Second, the caseworker said that Mother’s conduct in physically fighting with hospital staff during Lori’s delivery was endangering to Lori. Here again, the Department’s evidence lacks factual support sufficient to establish, to a clear and convincing level, that this conduct exposed Lori to an endangering environment.
The witness said that Mother kicked so much that her “IV came apart,” but there was no evidence that the medical staff was unable to control the situation nor any medical or expert evidence explaining how Mother’s actions exposed Lori to potential physical injury.
In its brief, the Department cites other evidence in support of the endangerment finding, but I conclude it is similarly inadequate. For example, the Department points to references in the investigator’s affidavit and the Child Advocates report admitted at trial that, according to Father, Mother smoked “two packs of cigars” per day while eight months pregnant with Lori, who was born with “withdrawal” symptoms. But there exists no further development of this line of evidence in the record, no evidence that Lori was underweight at delivery, and no attempt to describe the alleged withdrawal symptoms and link them causally to Mother’s pre-natal conduct. Finally, the Department also cites evidence of domestic violence and “strife” between Mother and Father, as well as a physical home entirely unfit for children. In this regard, Mother is correct that Lori was never exposed to these environmental conditions, and this court has said that subsection 161.001(b)(1)(D) requires proof of a parent’s knowing exposure of children to an endangering environment in the past. In re J.R., 171 S.W.3d 558, 570 (Tex. App.—Houston [14th Dist.] 2008, no pet.).

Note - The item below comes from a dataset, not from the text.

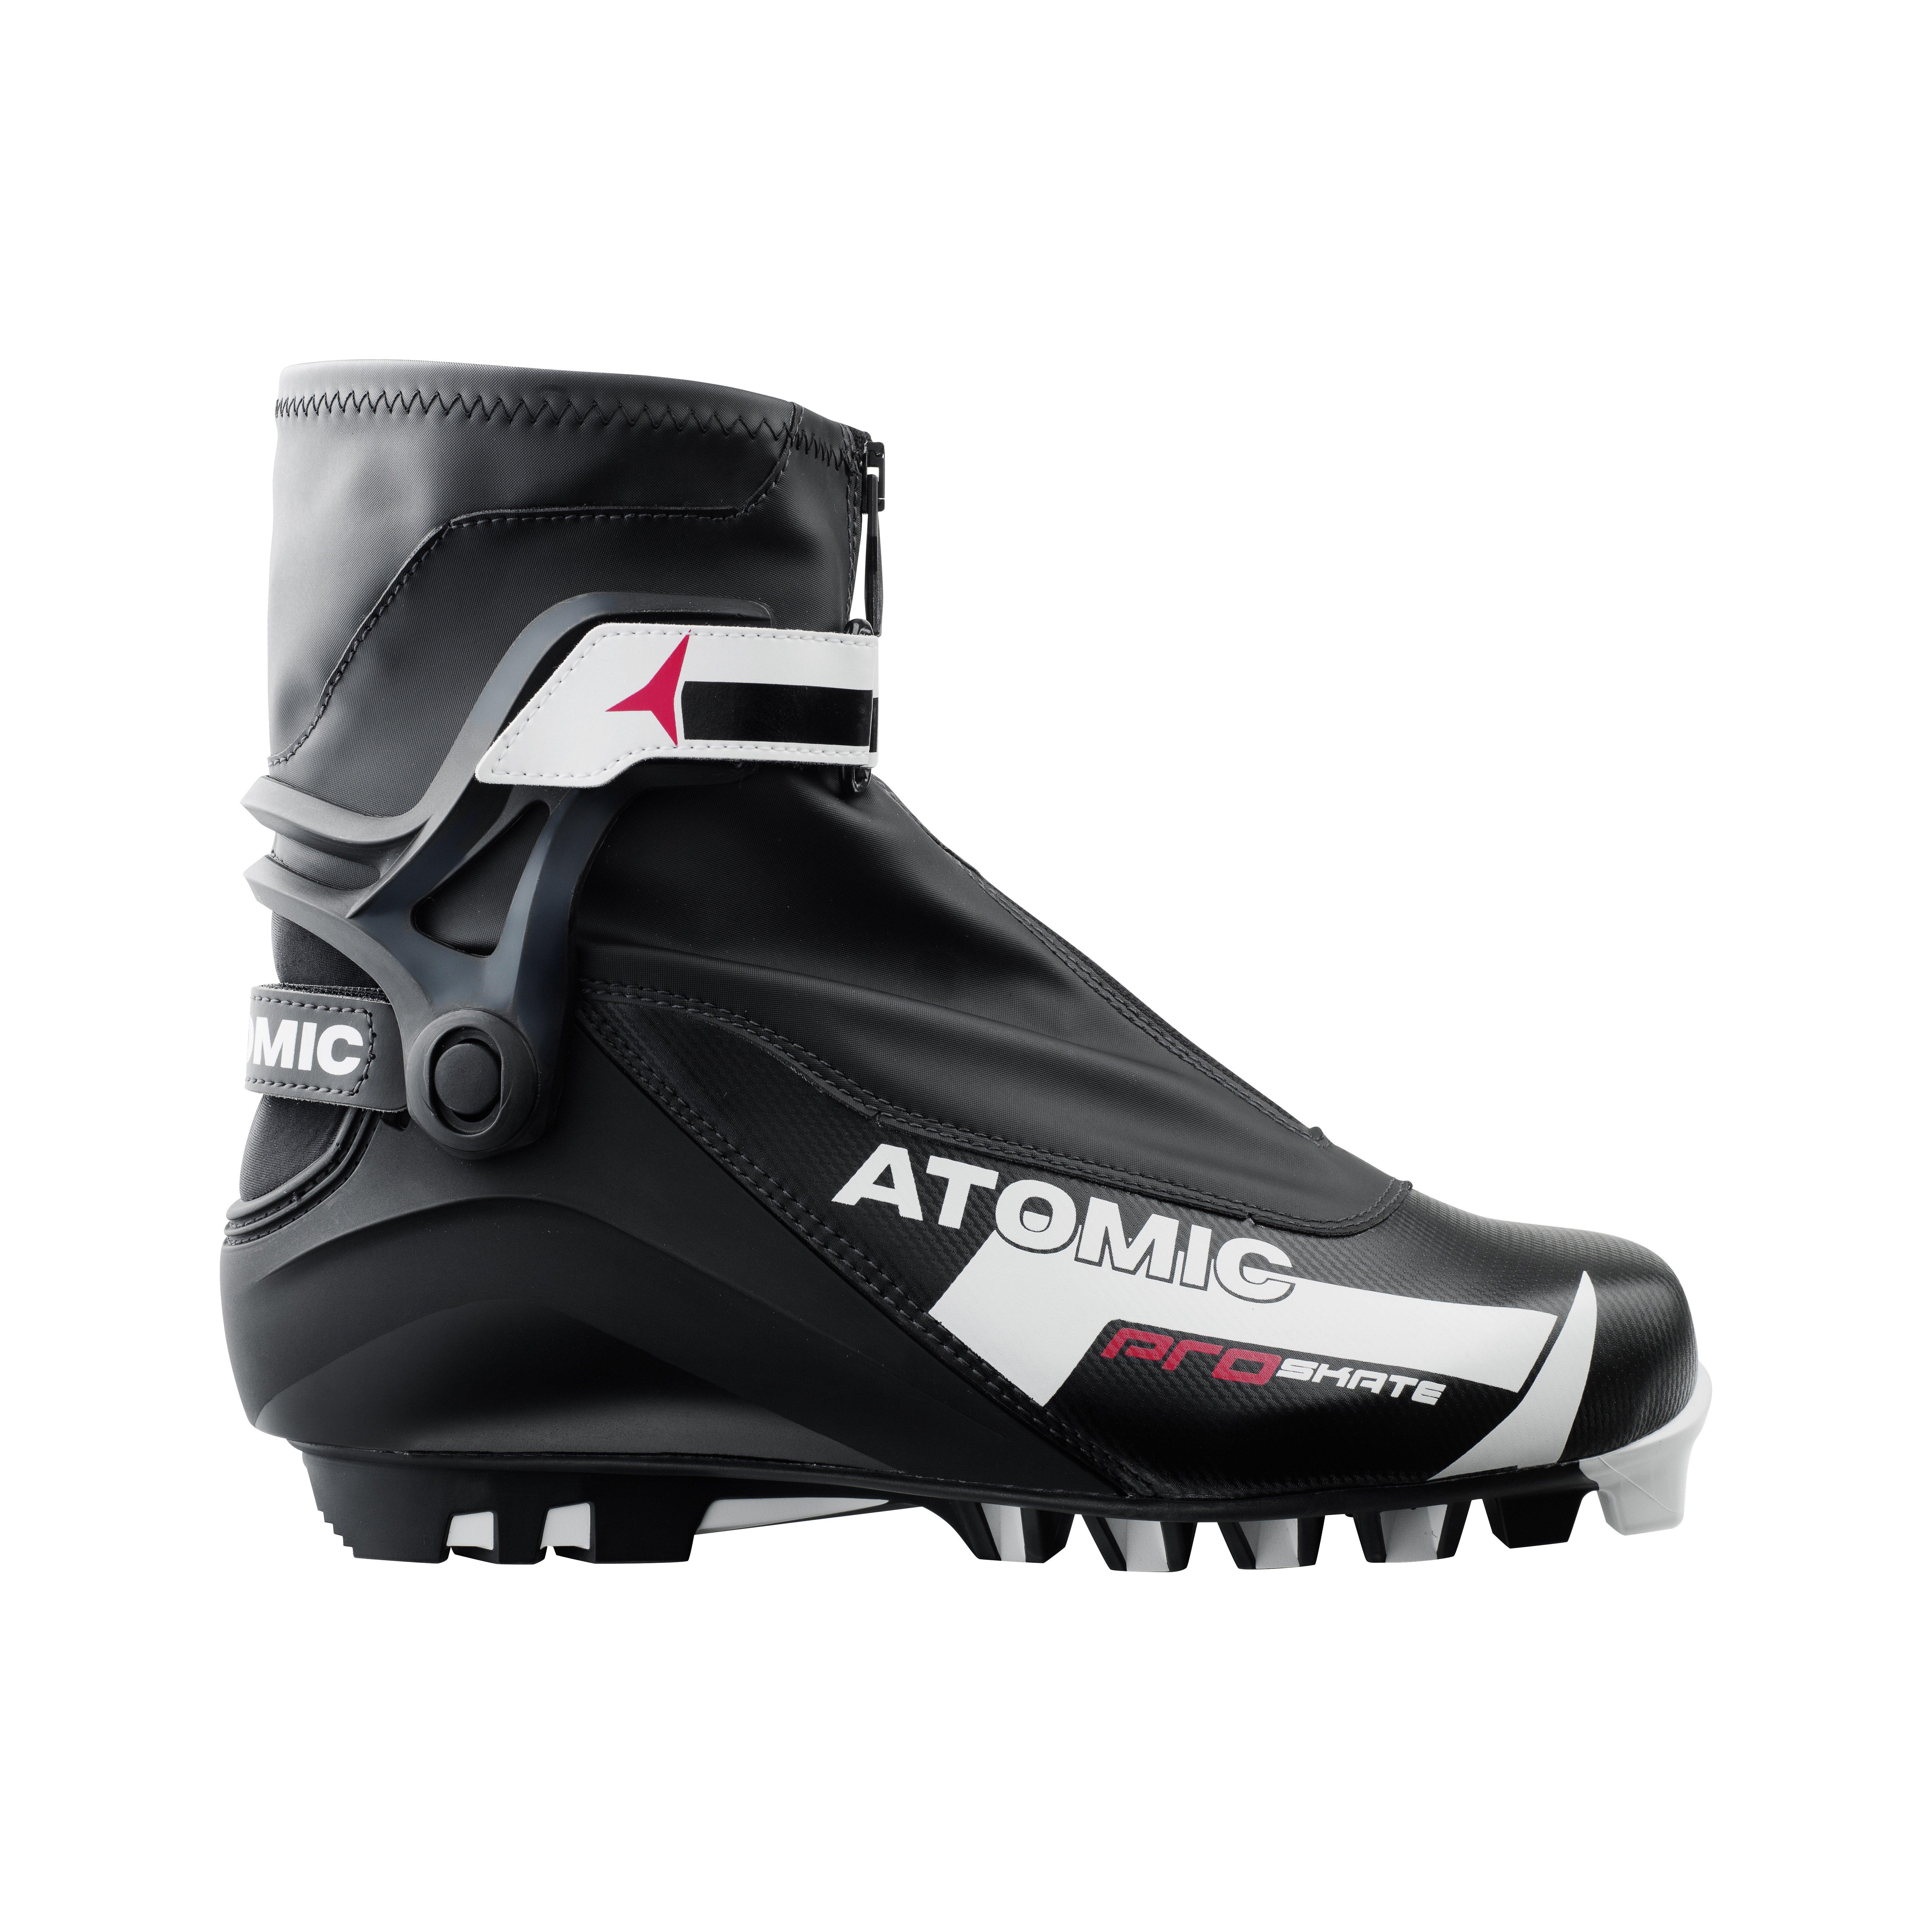 Atomic Pro Skate 16/17

The likelihood that Mother will knowingly expose Lori to a dangerous environment in the future—which the Department has established—is relevant to whether termination is in the child’s best interest and also would be relevant to the issue of how much contact a parent should have with the child if parental rights are not terminated, but it does not amount to proof of a past act of knowing environmental endangerment. See id. For these reasons, I concur in the judgment.
/s/ Kevin Jewell Justice
Panel consists of Justices Jewell, Zimmerer, and Hassan. (Hassan, J., majority).